Research what was in the Nile Valley before it filled with sand when Earth was in a different position, before the current North, South was in a different place.
The ‘facts’ told to school children, and adults were, and still are assumptions and myths by the thousands, and many are in a Book of Fiction, absorbed by the gullible in our midst, the oldest scam ever created by scammers.
If you stop the conspiracy and mythological theories it simply explained as a social-economic program, and a brilliant one at that. Keep people busy or they go crazy.
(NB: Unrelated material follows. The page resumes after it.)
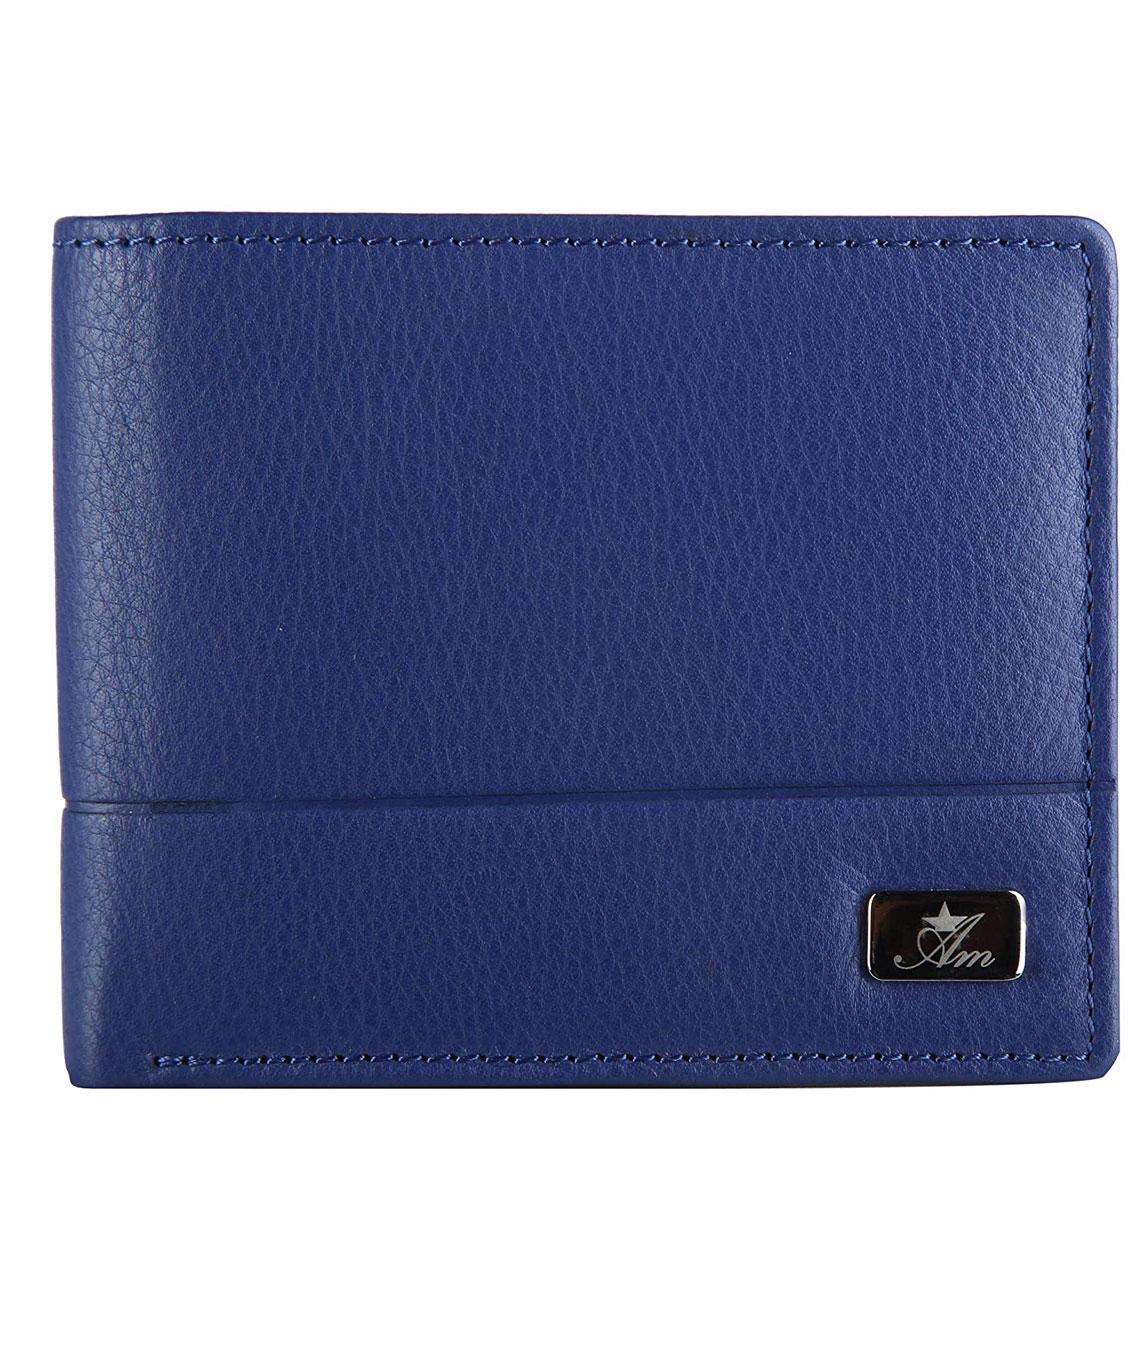 AM LEATHER Men`s Blue Leather Wallet(blue)

What do you as a leader of the known world do to keep your civilians busy and feed and also keep your neighbours busy and feed… pay them to work for you. The slavery thing never made sense, cause it would of ended up being an incomplete monument to the first recorded revolt in history.
You what now?
You do realise you can go visit the workers village of those that built the pyramids. There’s also a bunch of records and documents relating to the building of the pyramids. Yes the techniques are not there but how they organised and paid workers. As well as many other aspects.
There’s a major logical fallacy with your example of putting a bunch of random people and telling them to build a pyramid. People today are not ancient egyptians with the knowledge and experiences of the ancient egyptian civilisation. The techniques, tools and methods were built up over a long period of time and many generations. We have a totally different frame of reference to figuring out these problems. We also do know a lot of techniques which are so simple to us today we may not think that to get a vertical straight like you tie a rock to a string. To get a vertical horizontal line, you have a trench with water.
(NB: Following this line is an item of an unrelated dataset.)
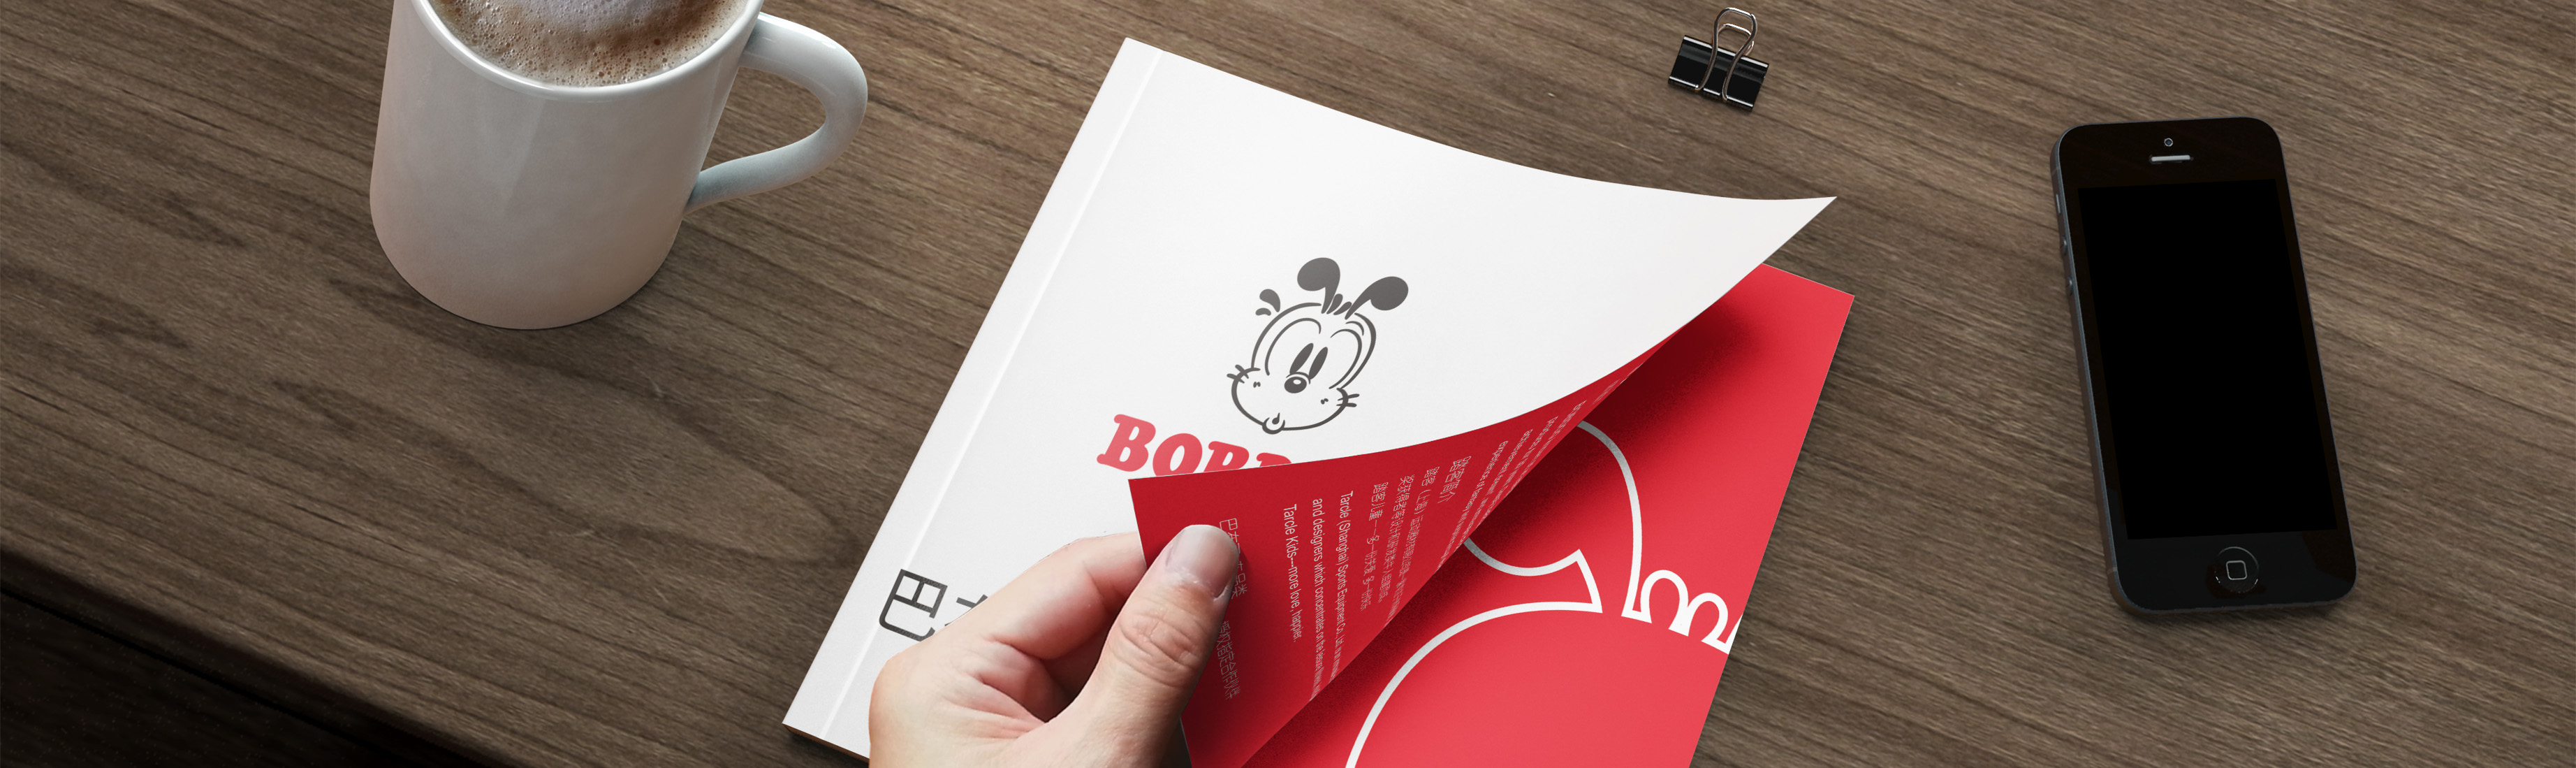 SSC设计-巴布豆画册设计

Obviously your comment infers the Egyptians couldn’t move rocks and do such complex constructions. Yet there’s countless examples of giant stones moved and placed by ancient egyptians which are not pyramids.
Right Javelo.
Christ was not resurrected from the dead.
Aliens built the pyramids.
They probably made the world too.
Aliens must be gods.
Or …God is an alien?
1: Pluto was a planet. Pluto isn’t a planet. The words ‘planet’ and ‘kingdom’ are ours to define and ours to re-define.
2: Attacking the nature of fact by observing that temporal events occur, is infantile.
3: Physics prevents us folding paper, not math.
4: Theists have an abysmal track-record for testing theistic claims, ridiculous to trust them.